[Data block Boundary: Start]

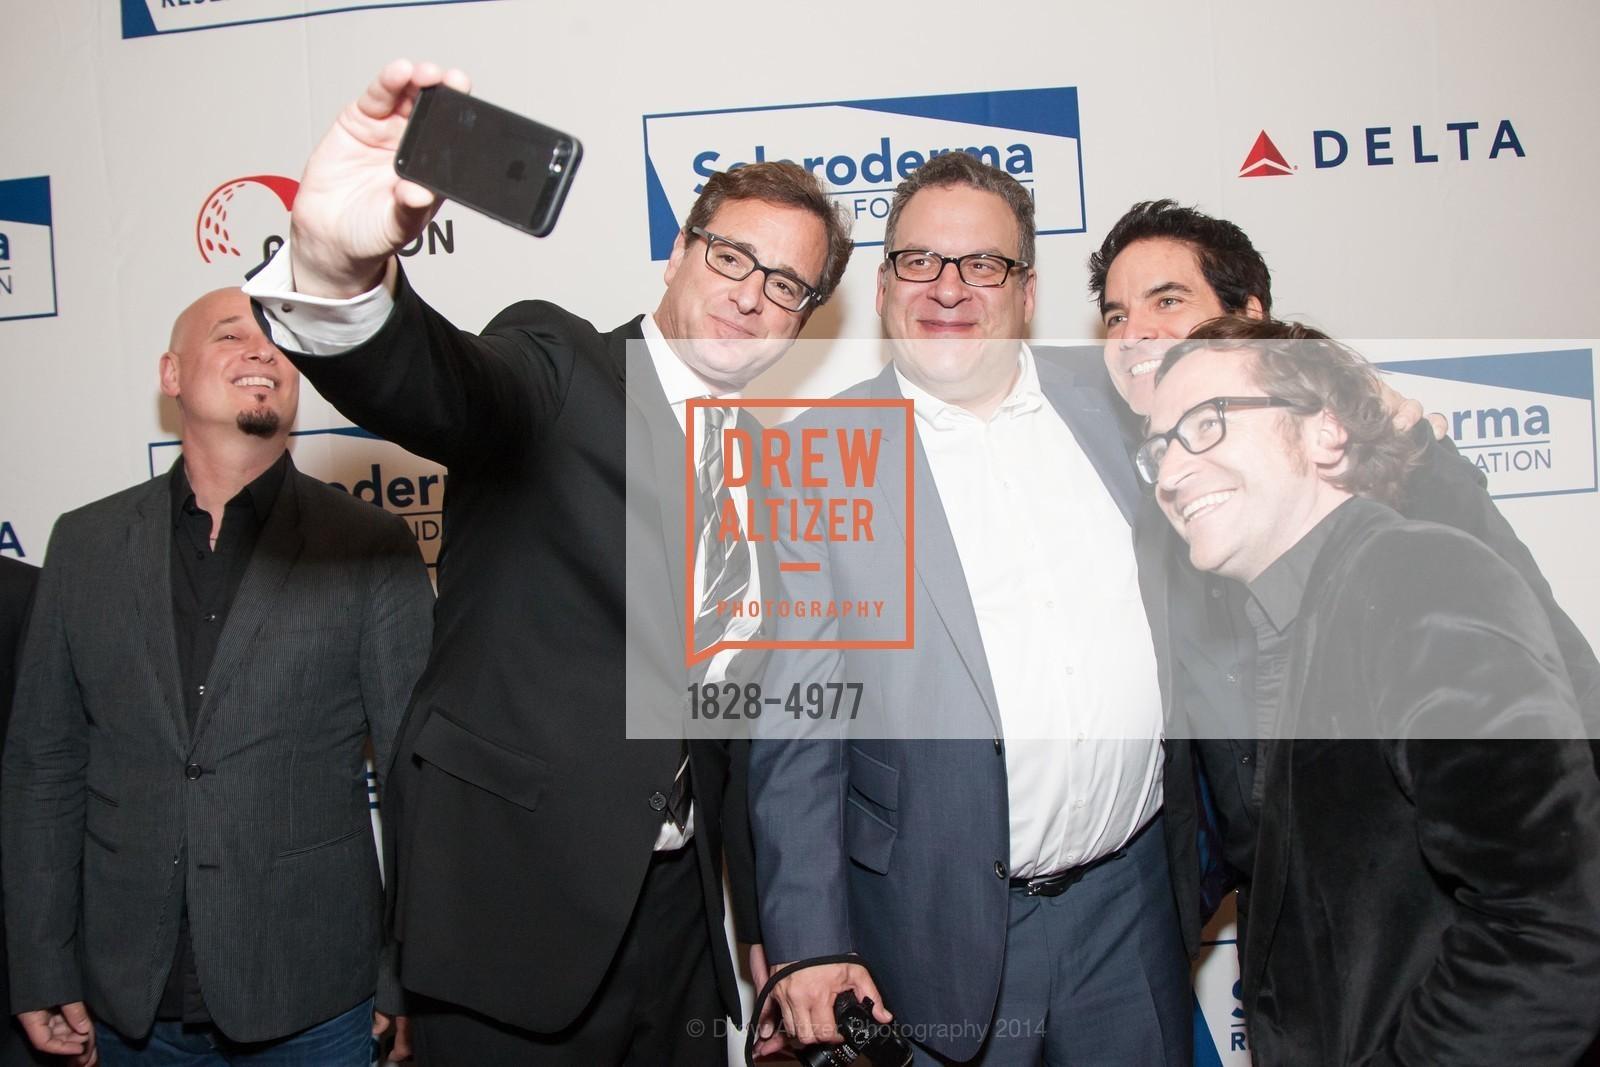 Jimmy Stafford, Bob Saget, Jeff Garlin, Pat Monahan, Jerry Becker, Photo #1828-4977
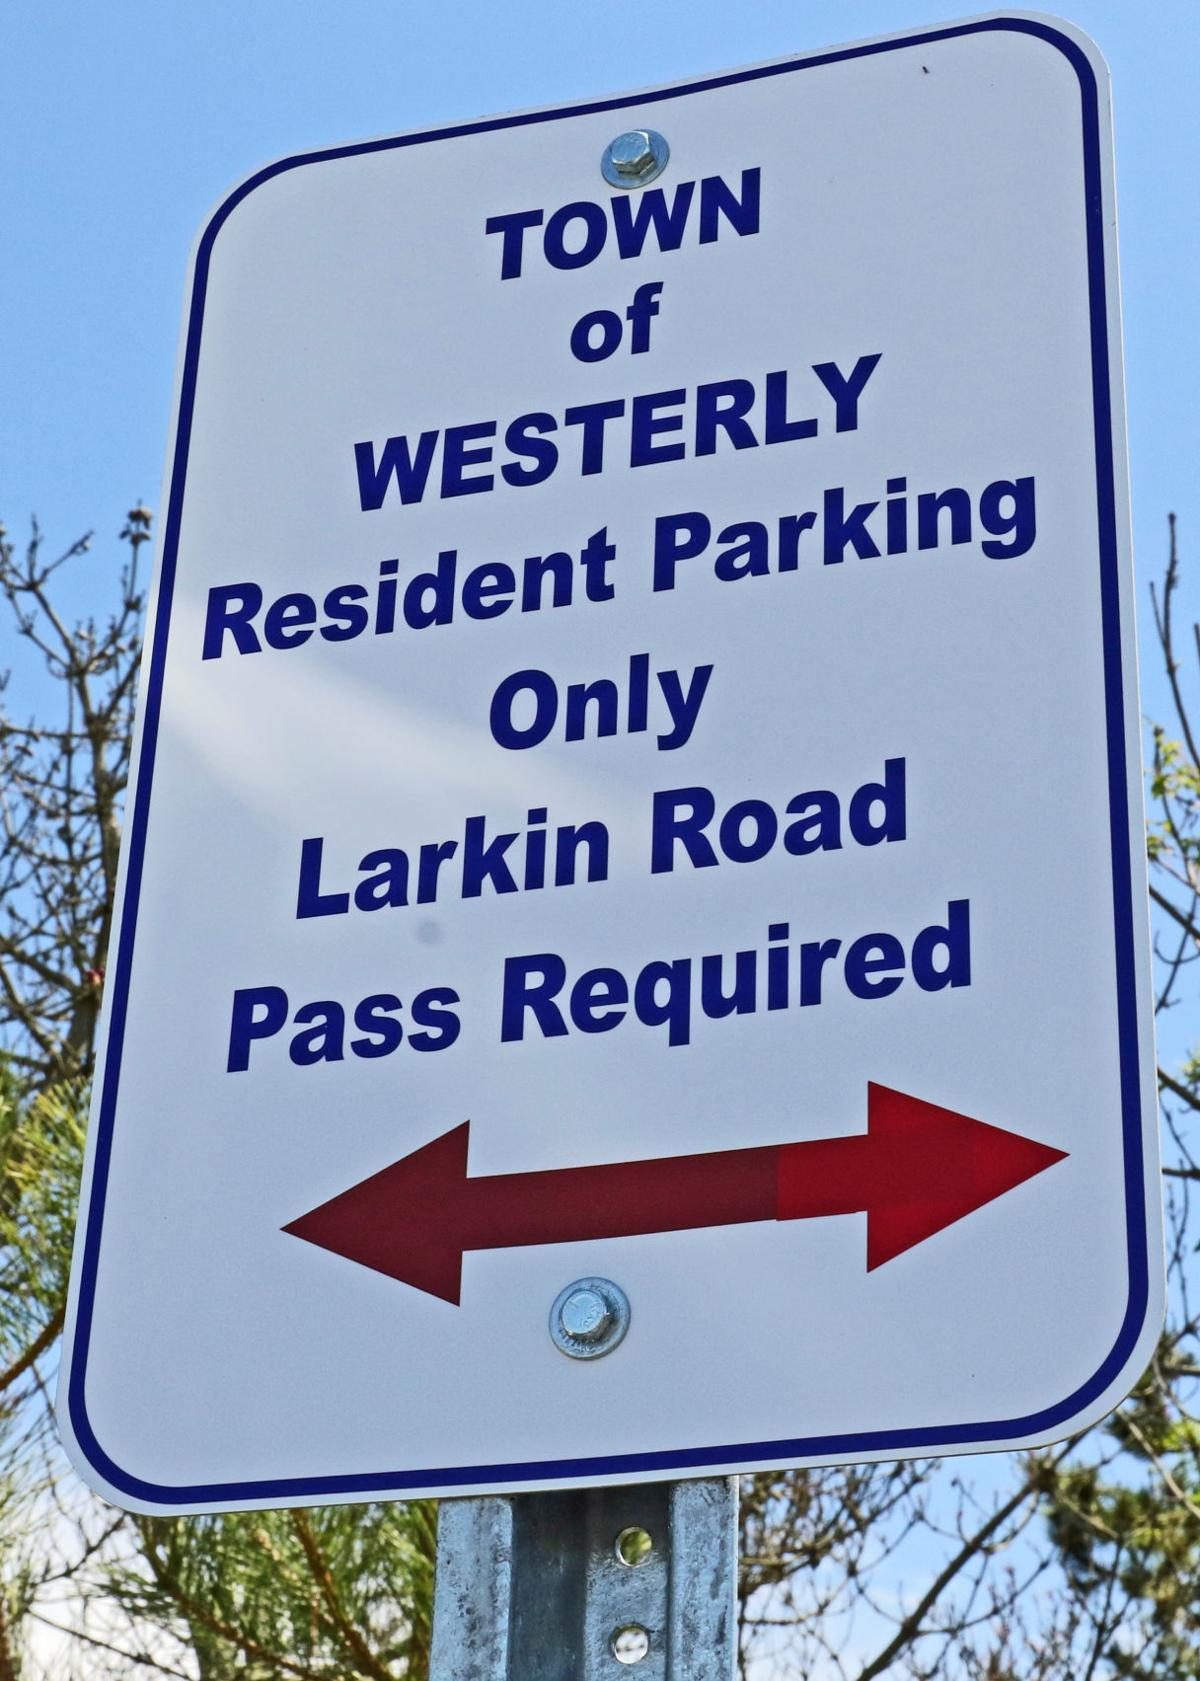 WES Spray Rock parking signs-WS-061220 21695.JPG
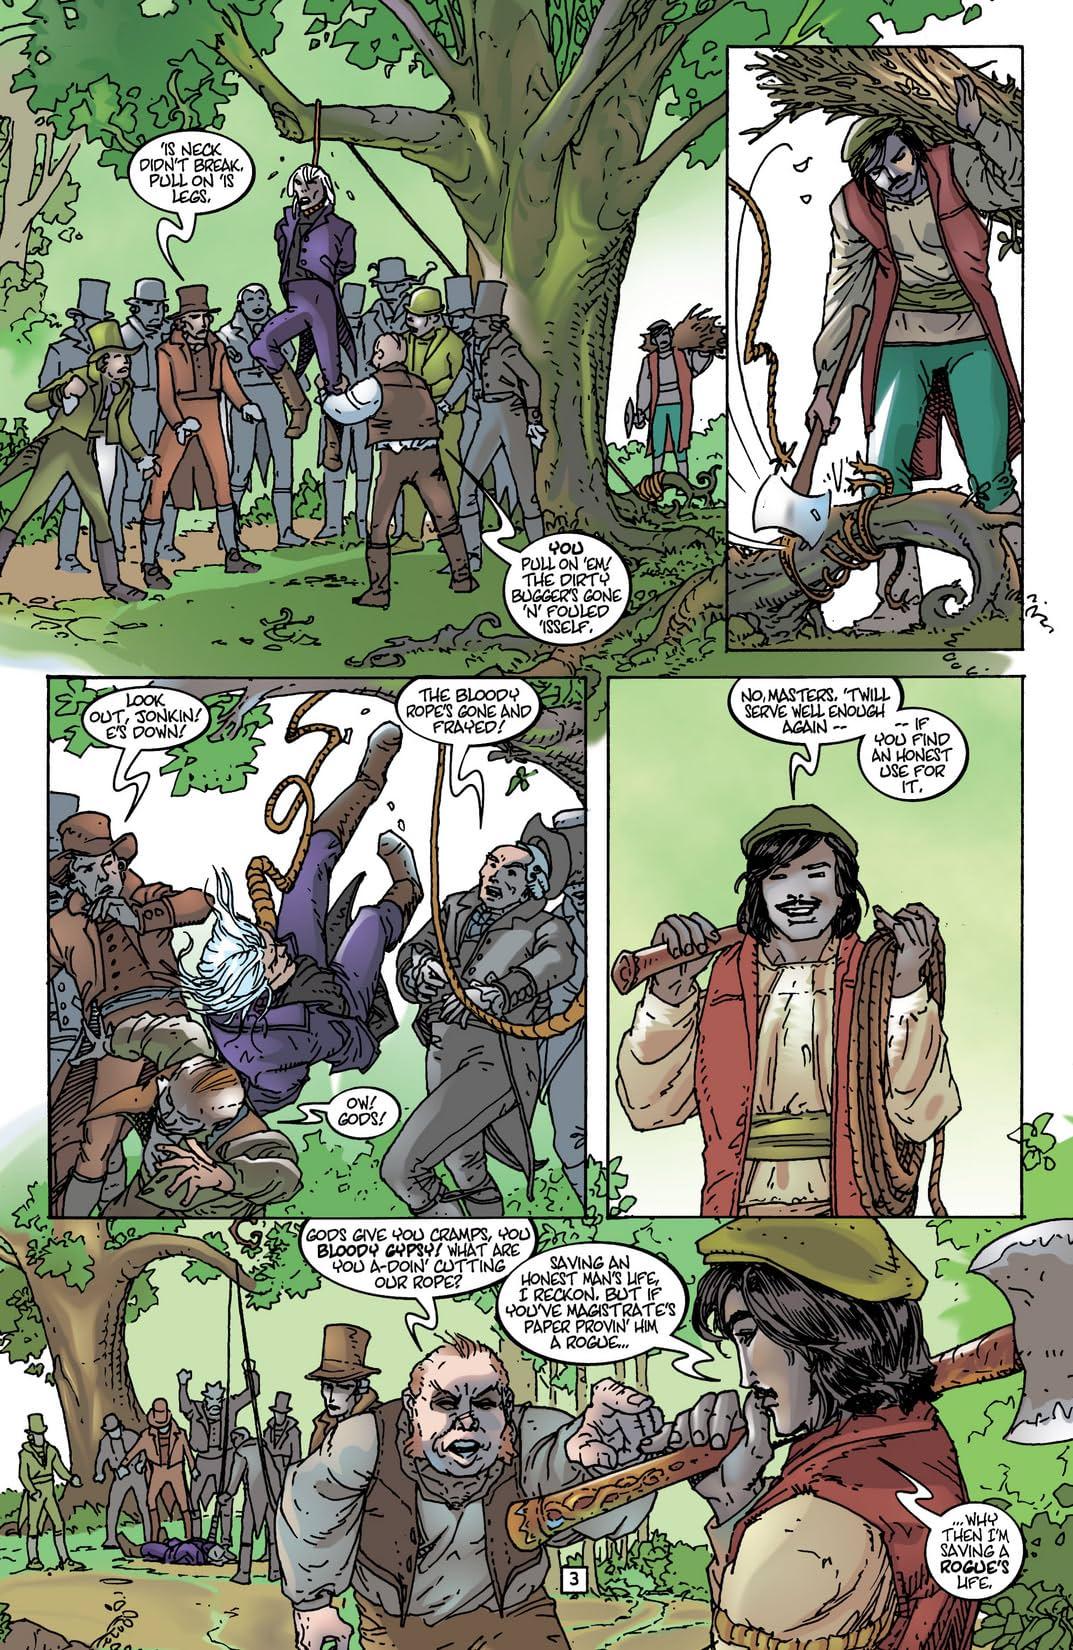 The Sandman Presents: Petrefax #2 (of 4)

[Data block Boundary: End]

- The task:
Only the lines from the one with "WES Spray Rock" to the end of the listing, both ends included, should be retyped exactly; no pictures belong in the copy.

- Task result:
 WES Spray Rock parking signs-WS-061220 21695.JPG
 The Sandman Presents: Petrefax #2 (of 4)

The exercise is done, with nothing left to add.